▶ **GOAL OF THE EXERCISE**: Repeat the data that follows in full. Do not include the pictures.

▶ **COLLECTED DATA**:
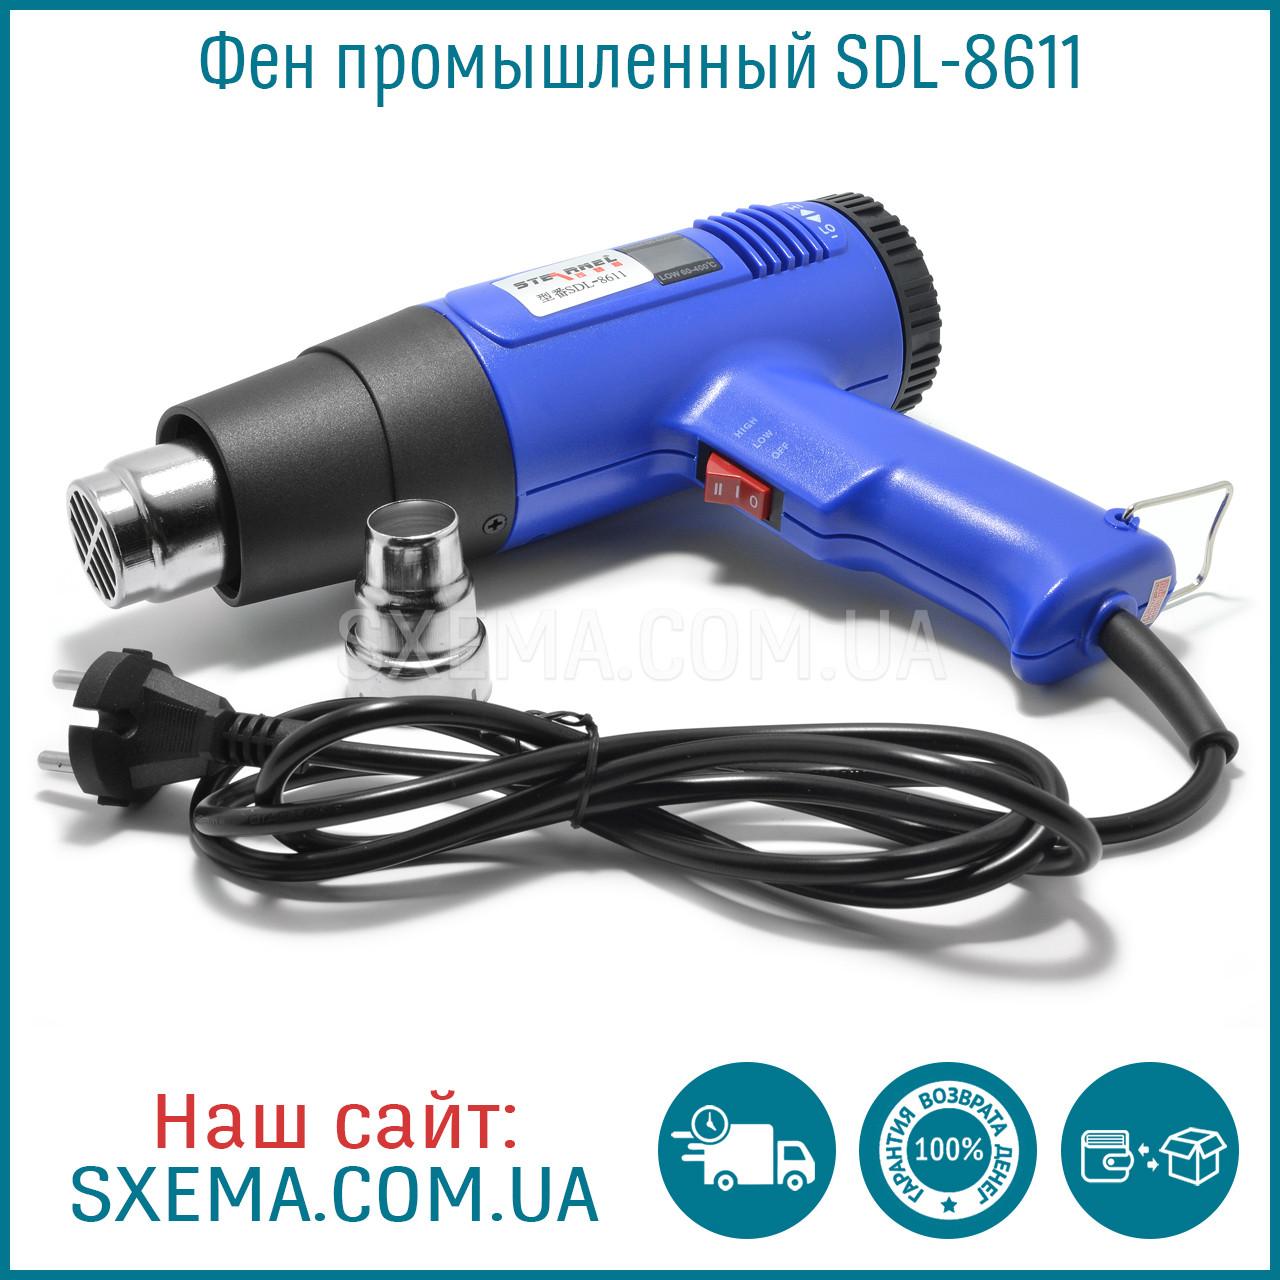 Фен строительный, технический SDL-8611 c дисплеем, фото 1
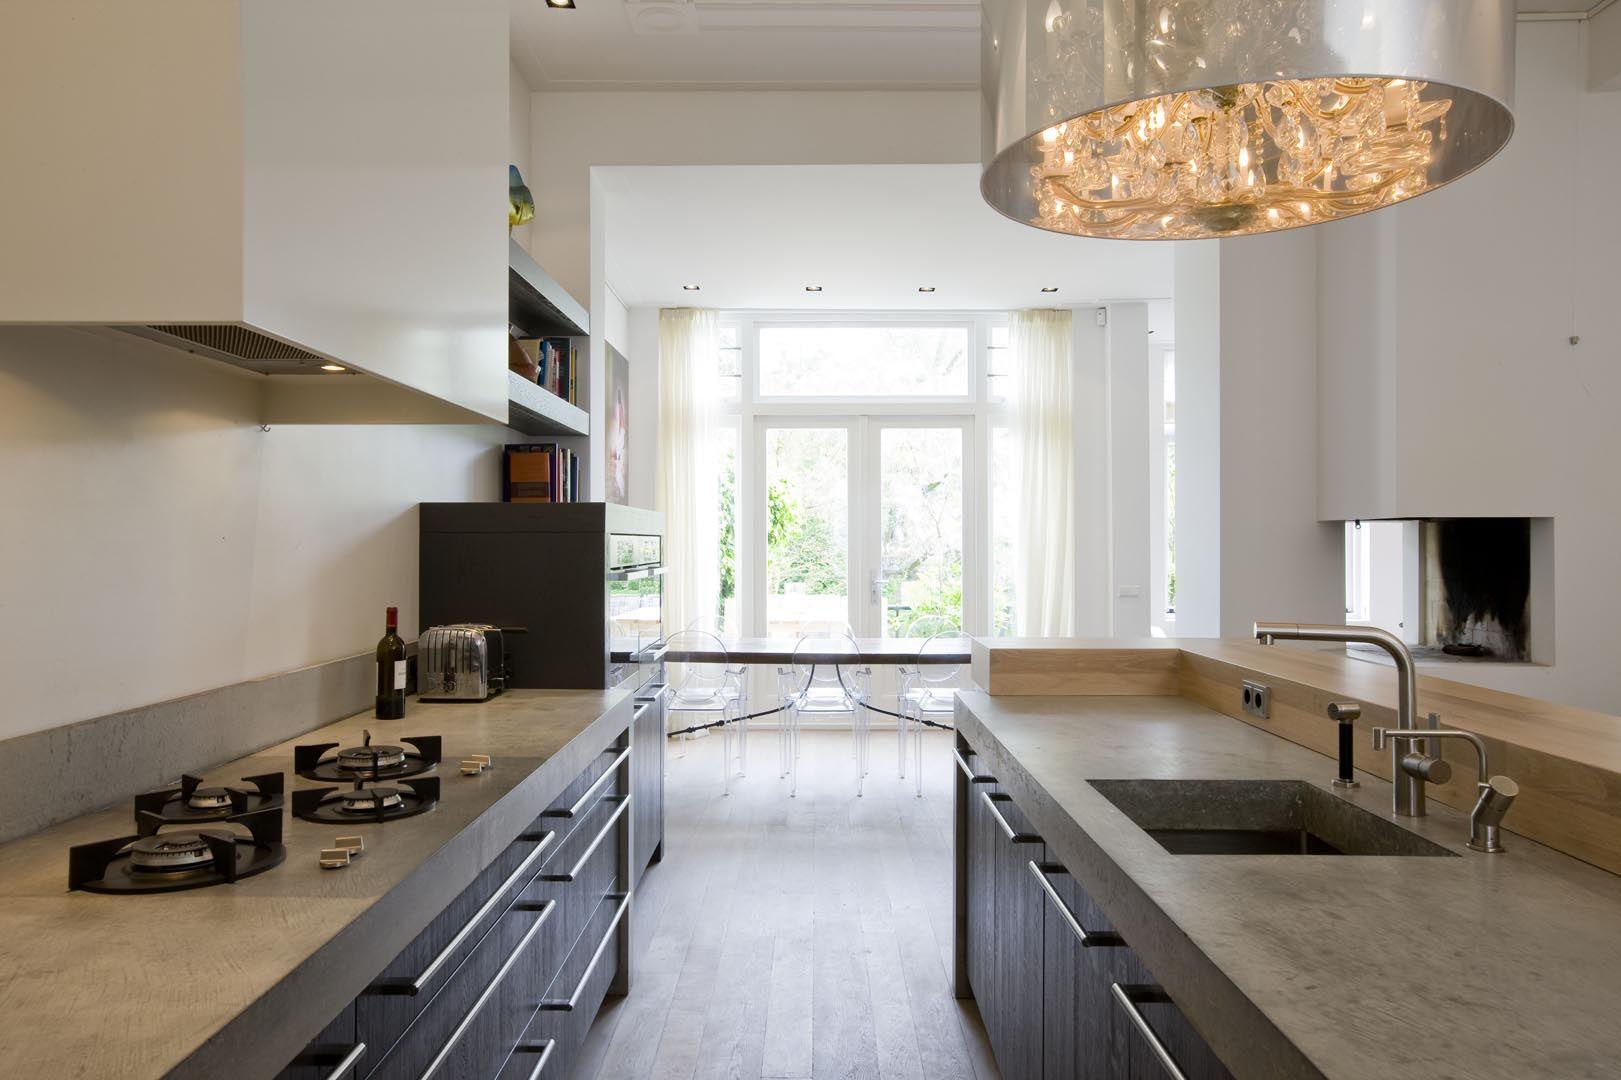 Beton Keuken Stoere : Keuken hout beton h van design keukens en stoere houten keuken
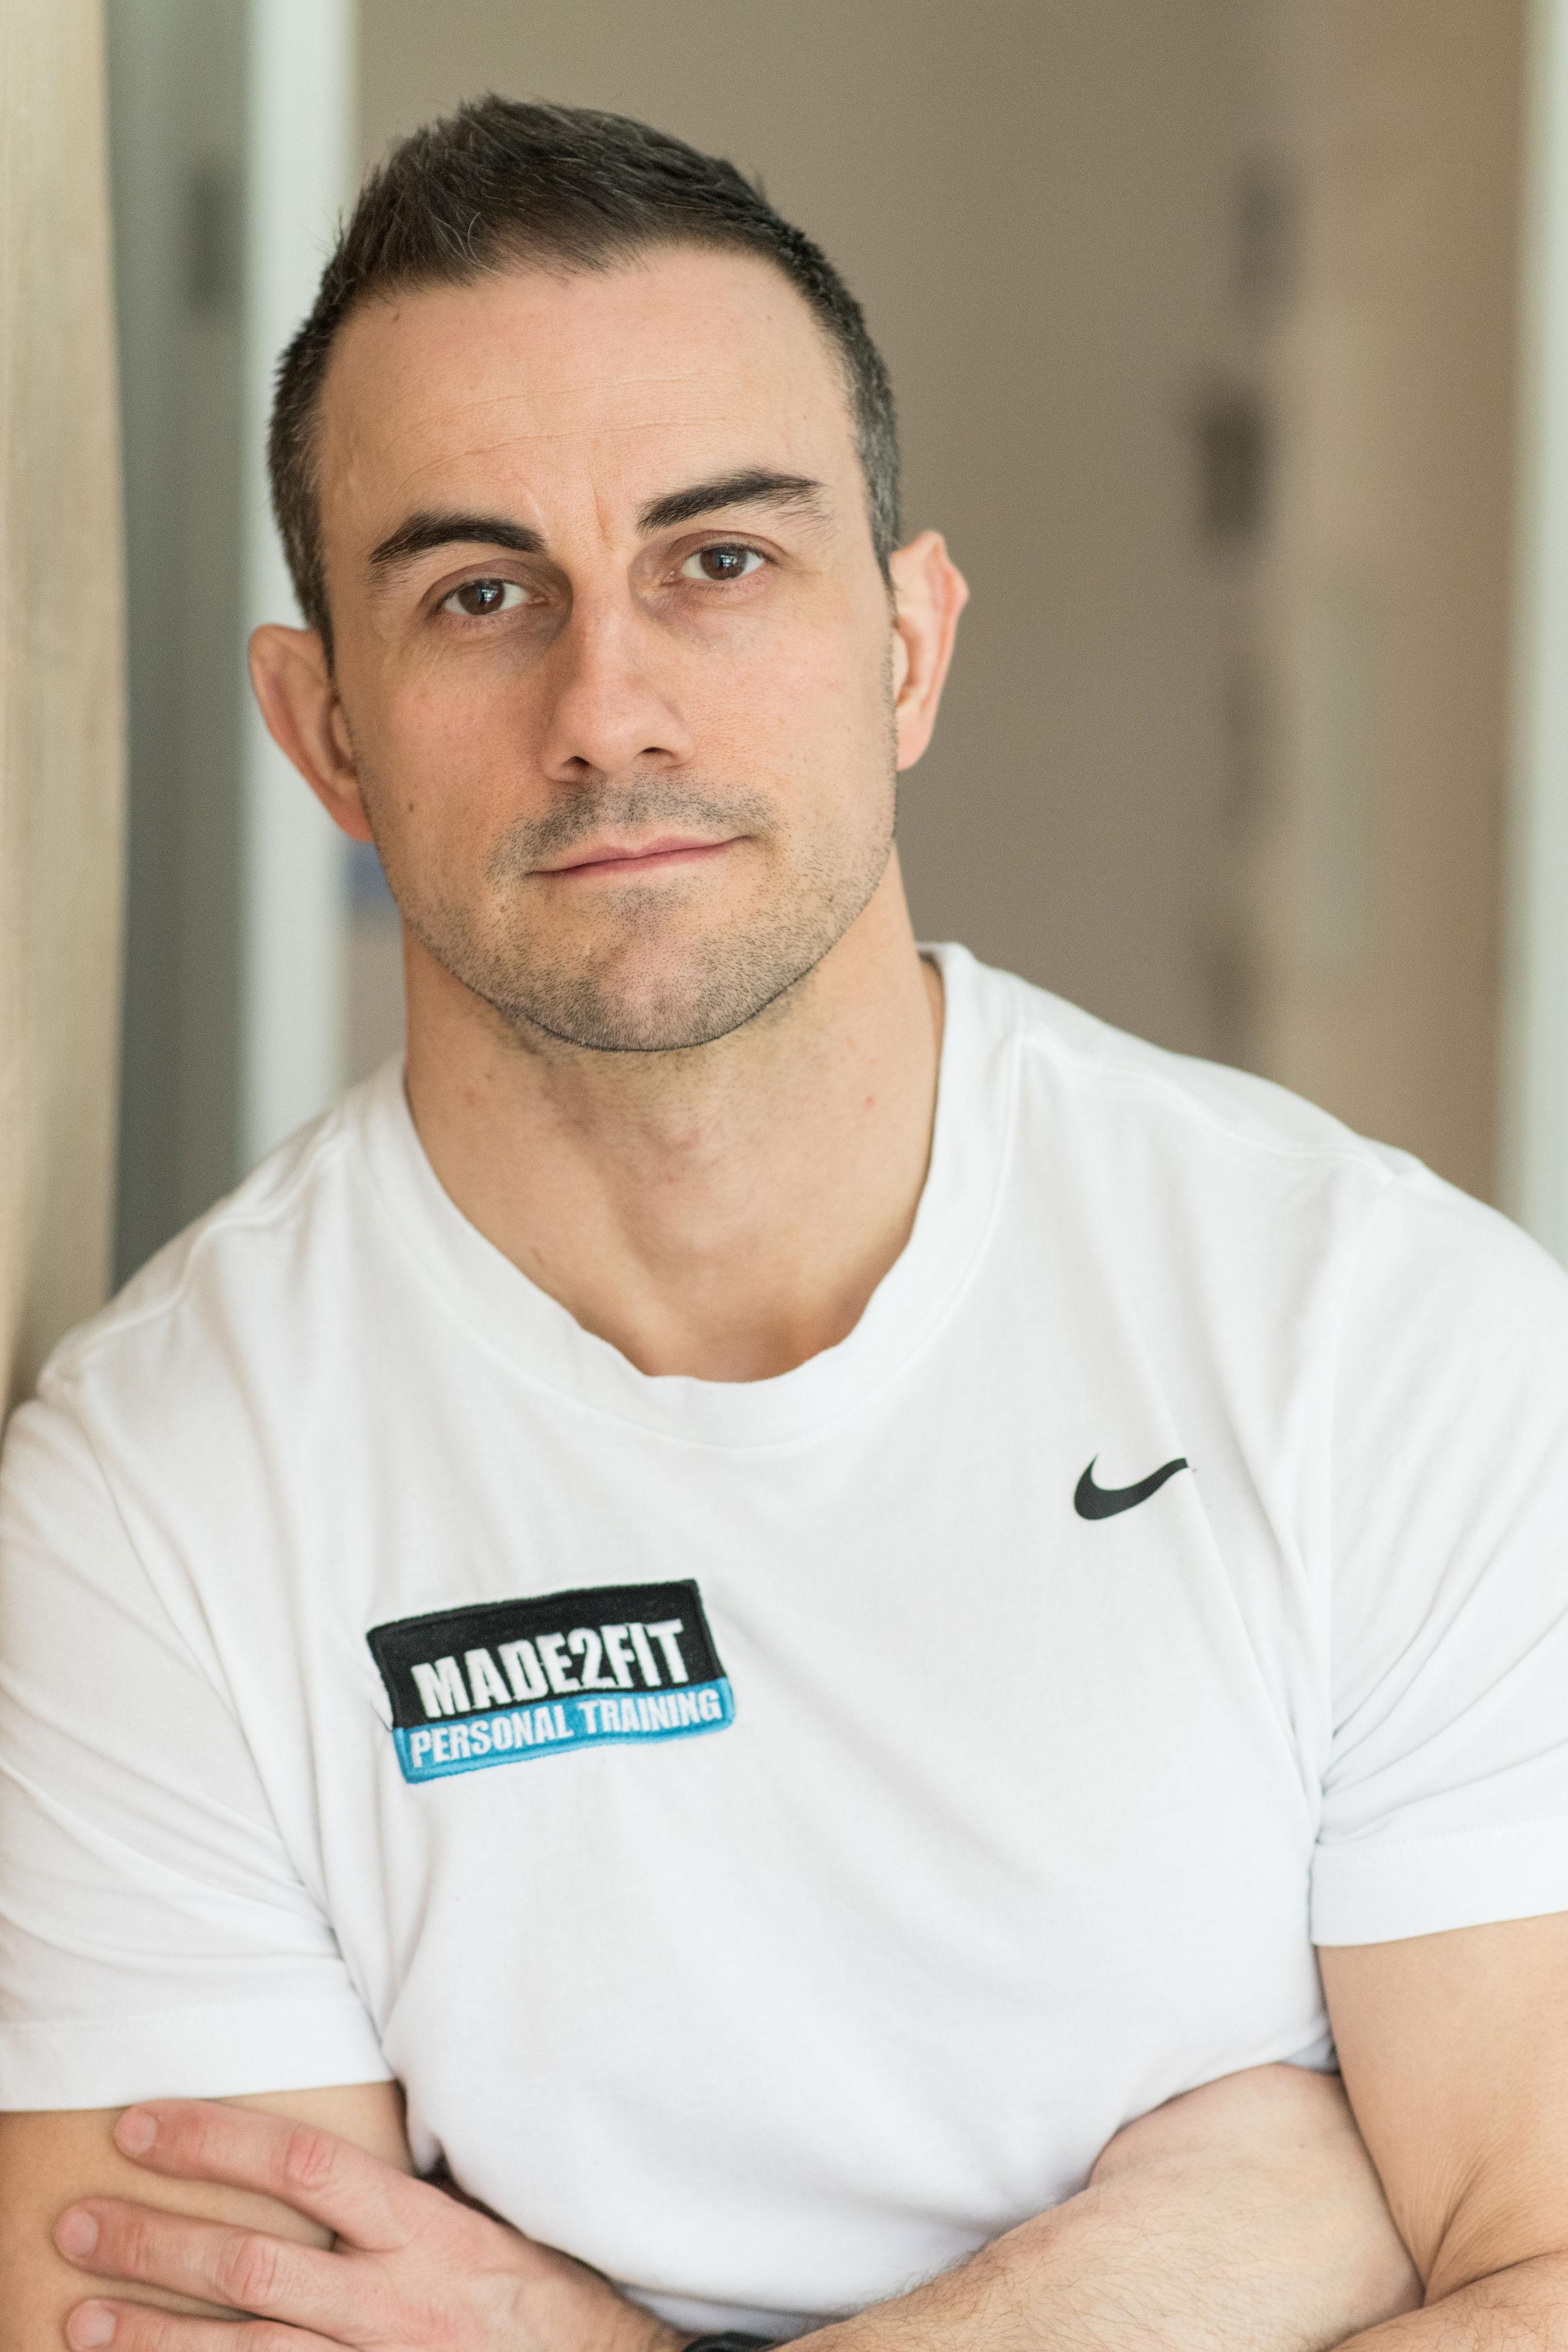 Andy Tweedie - Made2Fit Personal Trainer

▶ **REPLY**:
 Фен строительный, технический SDL-8611 c дисплеем, фото 1
 Beton Keuken Stoere : Keuken hout beton h van design keukens en stoere houten keuken
 Andy Tweedie - Made2Fit Personal Trainer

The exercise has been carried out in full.